A fundamental property of Spark is that only a single Spark context exists across a Spark application and all its threads^[1]. Having the context exist in multiple threads would mean that setting the job description in one thread would set it for all threads. Actions called on any thread would use the description set by an arbitrary thread. Such a race condition would lead to non-deterministic assignment of descriptions and an awful mess in the Spark UI.

To avoid this, the job description is a property of the current thread only. Now, setting a job description in one thread does not change it for other threads, though they use the same Spark context instance. This is exactly how you would expect job descriptions to work.

Threads that are spawned from an original thread copy the local properties of the original thread. This explains why the first batch of queries has the right job description (Sorted by id ASC – …), because the first call to columns.foreach spawns new threads that use the job description and call the actions.

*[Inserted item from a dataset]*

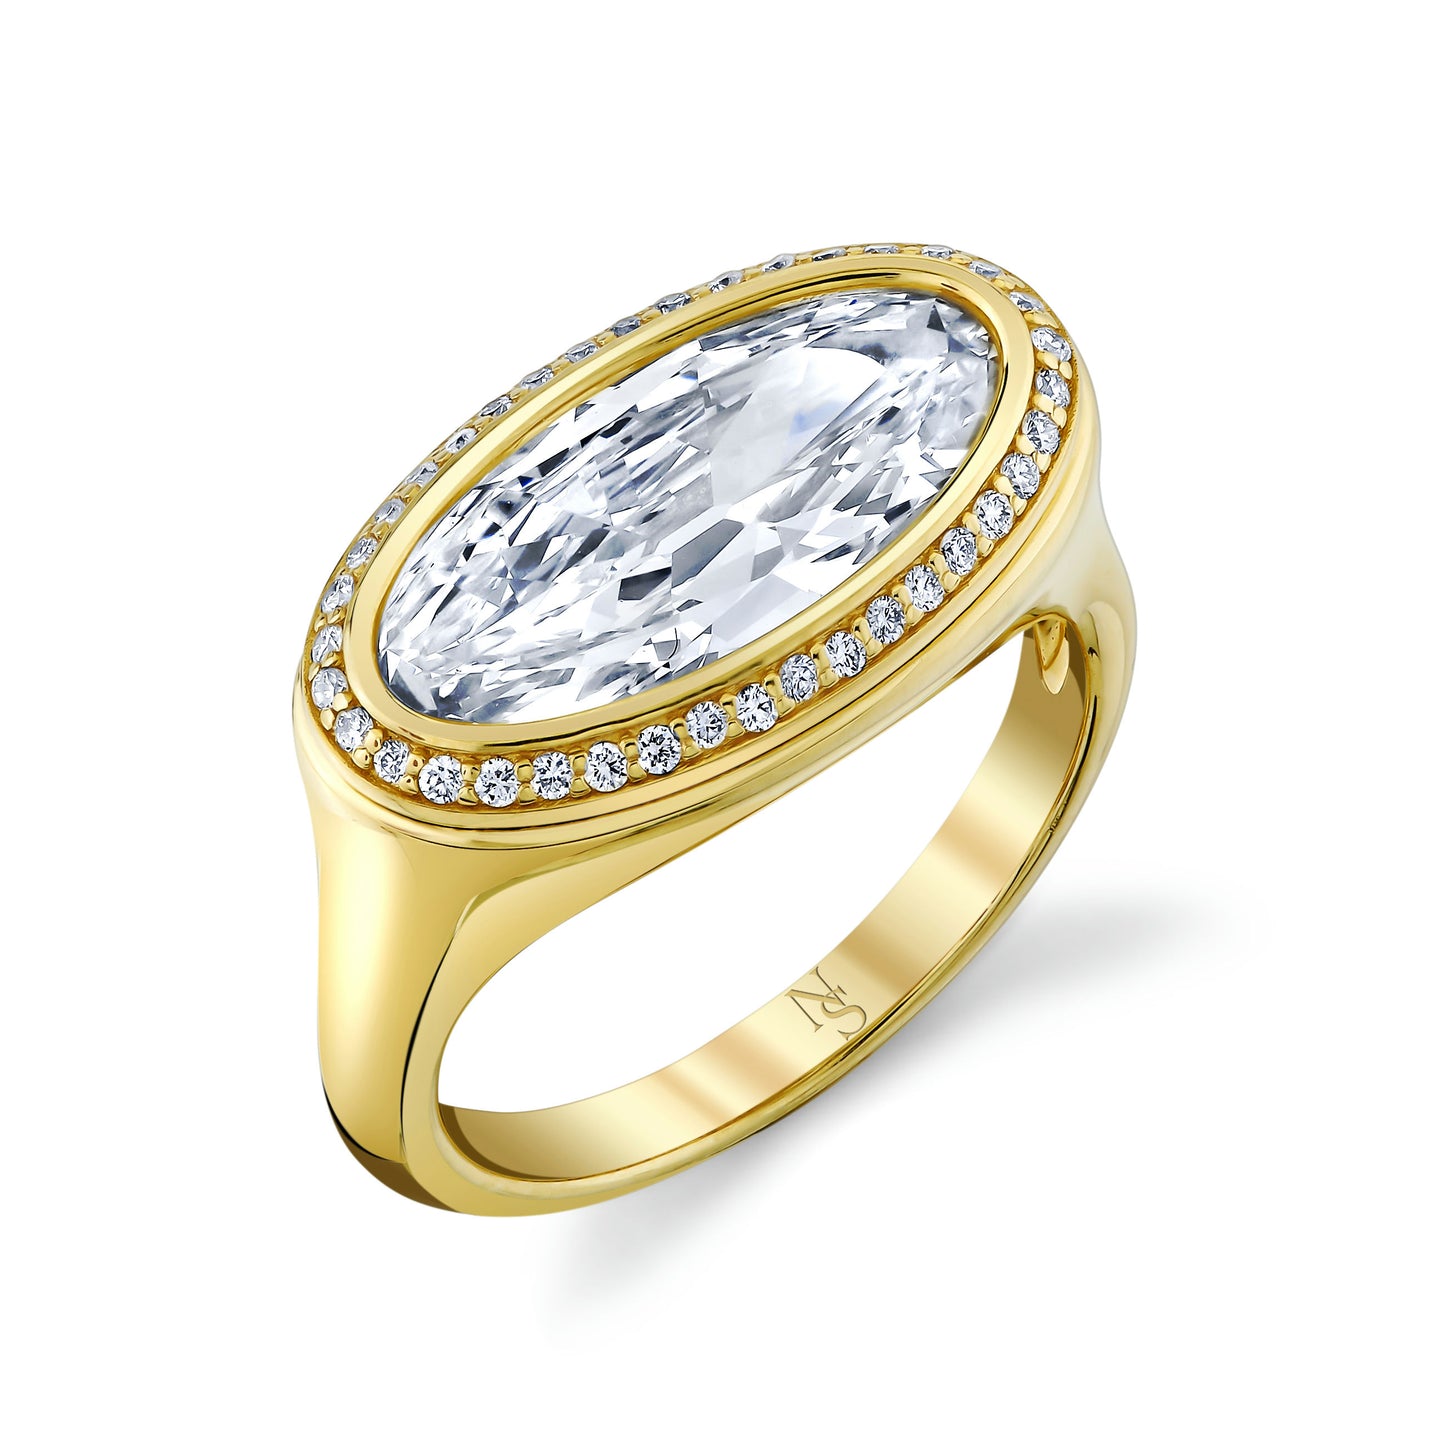 East West Oval Cut Diamond Halo Ring

The second call to columns.foreach reuses those threads, so consequently, the second call withJobDescription(“Sorted by id DESC”) does not modify the job descriptions for the existing threads used by columns.

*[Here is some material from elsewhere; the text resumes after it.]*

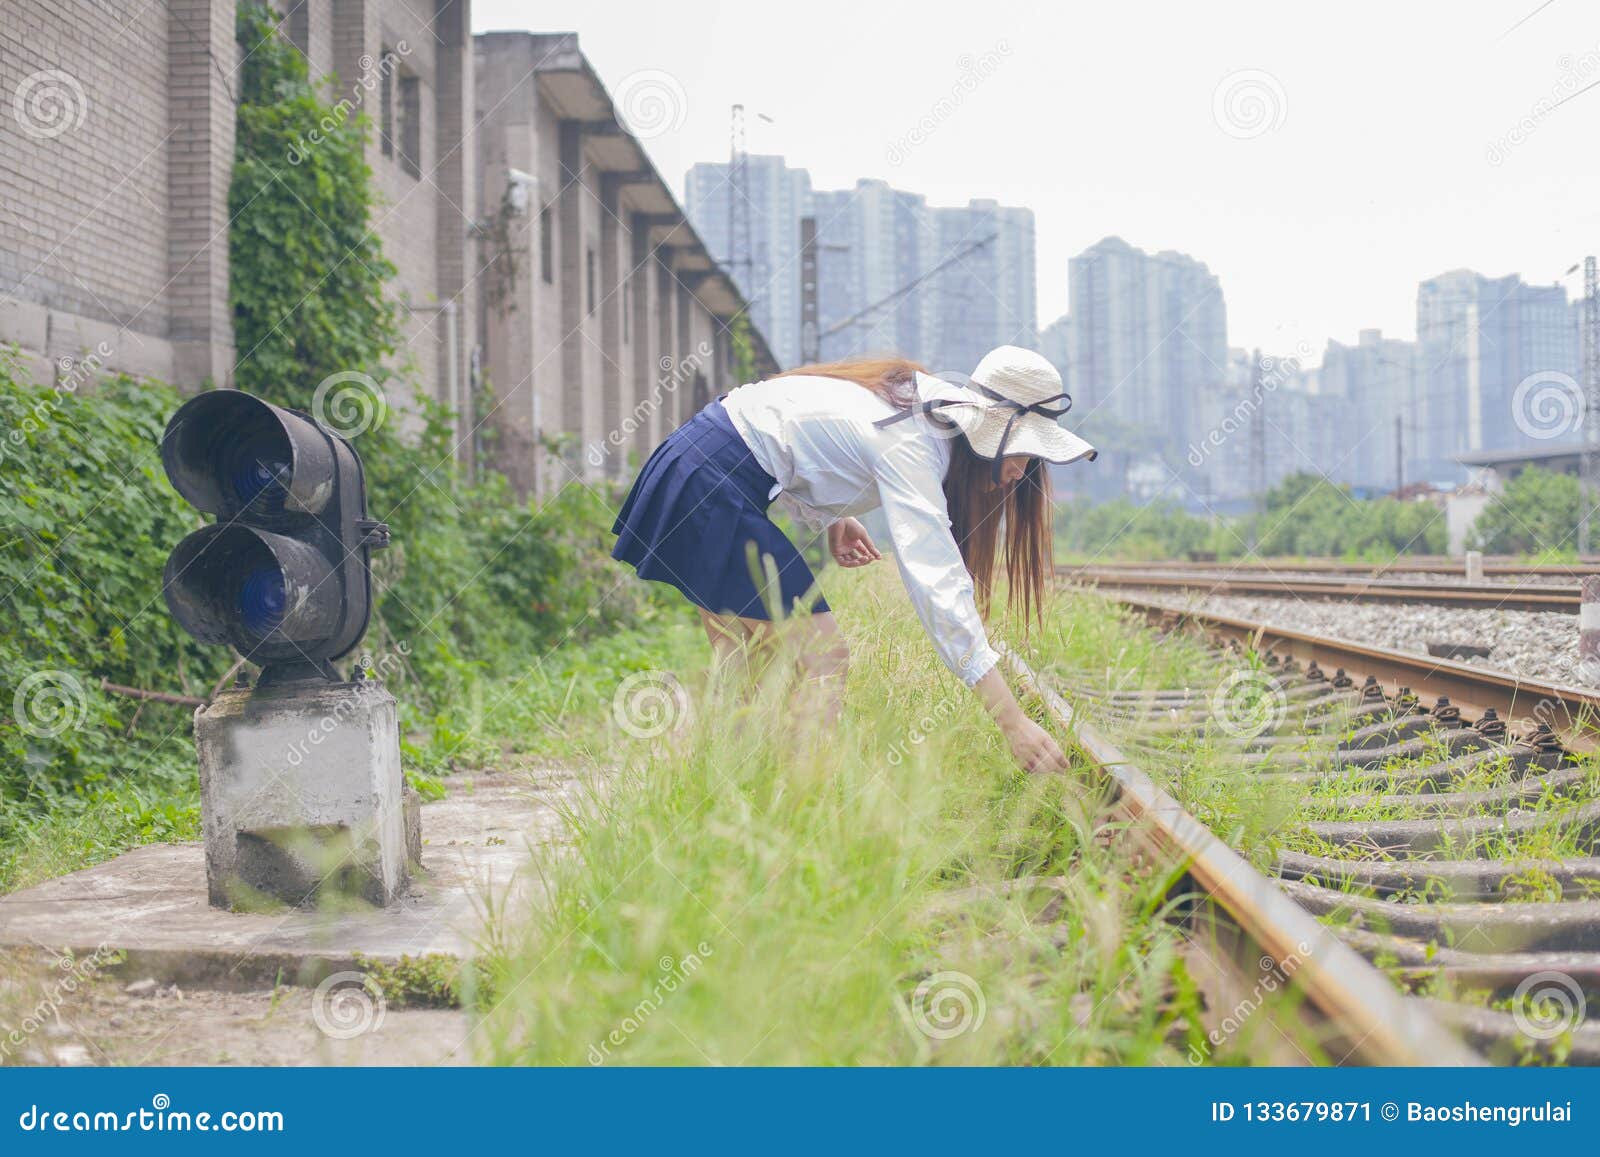 Girl Walking On Rusty Railroad Track Stock Photo

This situation can be solved by enforcing columns to use a new pool (new ForkJoinPool()) of threads before we call into .foreach again:

import java.util.concurrent.ForkJoinPool
import scala.collection.parallel.ForkJoinTaskSupport

// turn our sequence of column names into a parallel collection
val columns = Seq("even", "odd").par

withJobDescription("Sorted by id ASC") {
// now, .foreach() is executed in parallel
columns.foreach(column => writeColumn(data.sort($"id".asc), column, s"$column.asc.csv"))
}(spark)

withJobDescription("Sorted by id DESC") {
// make sure the parallel collection uses a new pool of threads to execute the actions
// only this propagates the job description to the thread executing the action
columns.tasksupport = new ForkJoinTaskSupport(new ForkJoinPool())
columns.foreach(column => writeColumn(data.sort($"id".desc), column, s"$column.desc.csv"))
}(spark)

The Spark UI presents the expected job descriptions:

Creating a new thread pool ensures columns.foreach spawns new threads. This should also be done the first time calling columns.foreach to ensure it does not reuse some other pre-existing pool of threads.

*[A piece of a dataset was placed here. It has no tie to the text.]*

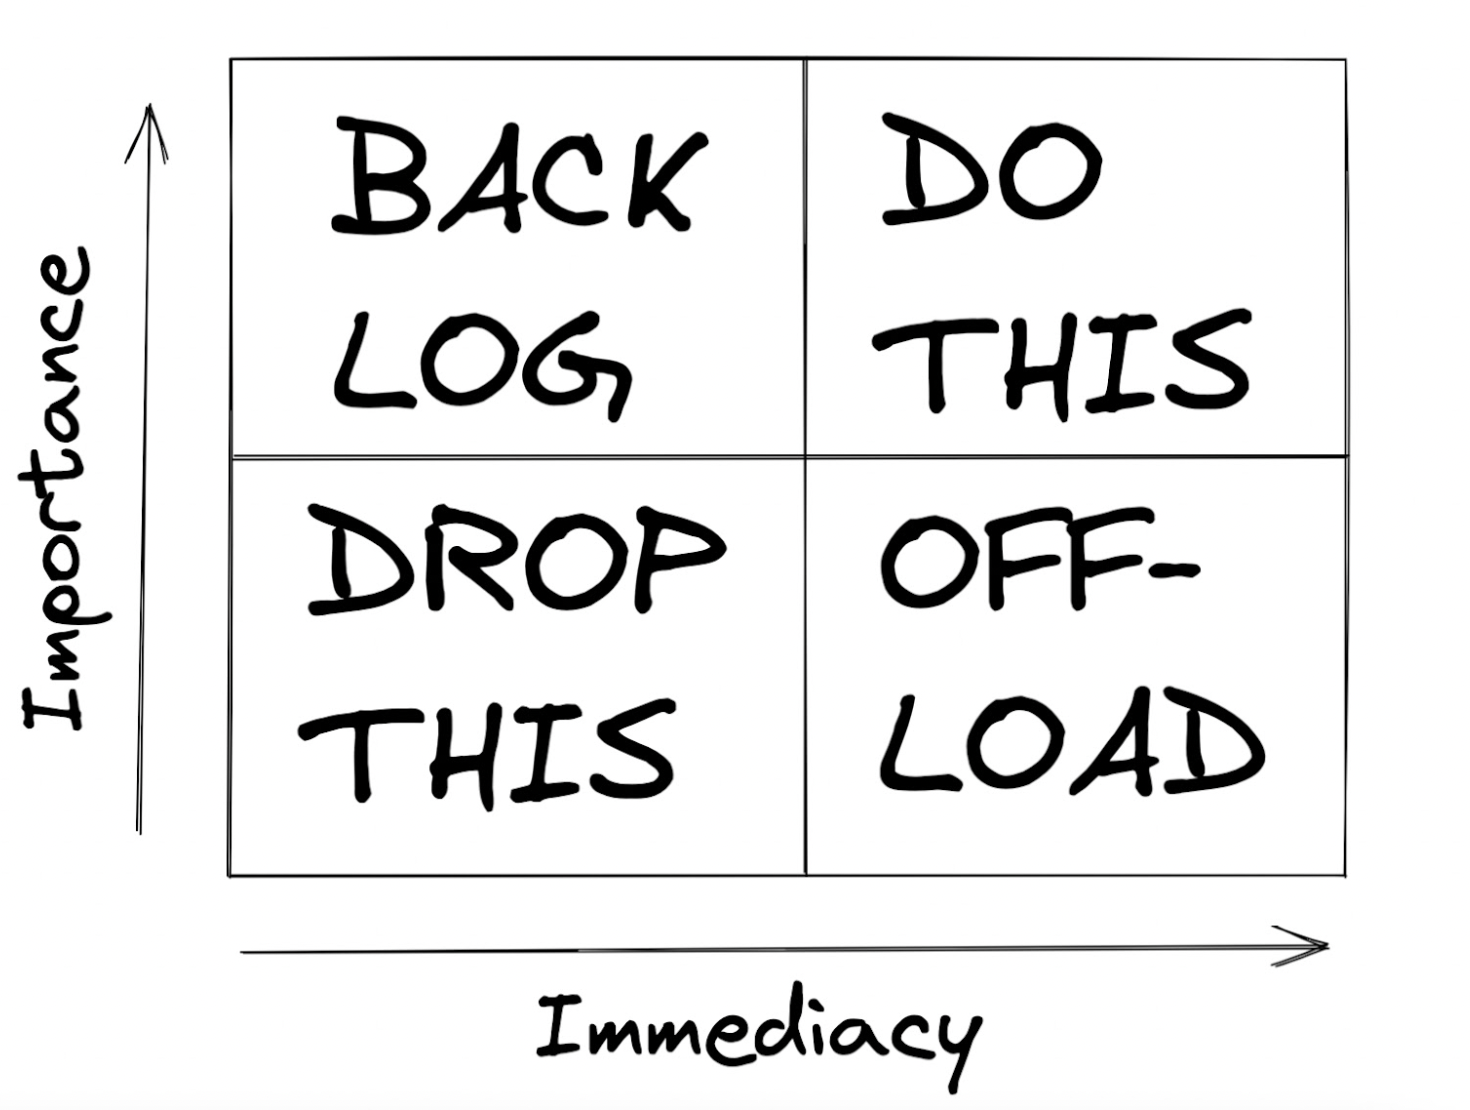 Figure 1. Importance vs. immediacy

To summarize the findings:

Setting a job description inside the same thread that calls the action is always safe.
Setting a job description in a thread that spawns other threads, which then call actions, is also safe.
Setting a job description in a thread while the corresponding action is executed in an existing thread does not work. The job description that pre-exists for the latter thread is going to be used. This can be fixed by simply not reusing existing threads, but spawning new threads.

Conclusion

Job descriptions are very useful to add context to Spark queries, jobs and stages in the Spark UI. This helps to understand which parts of a Spark app, especially large ones, are misbehaving or underperforming.

The spark-extension package provides useful methods to set and restore job descriptions: appendJobDescription and withJobDescription.

Special care has to be taken when setting job descriptions in a multi-threaded Spark application. Job descriptions only propagate to new threads, never to existing threads.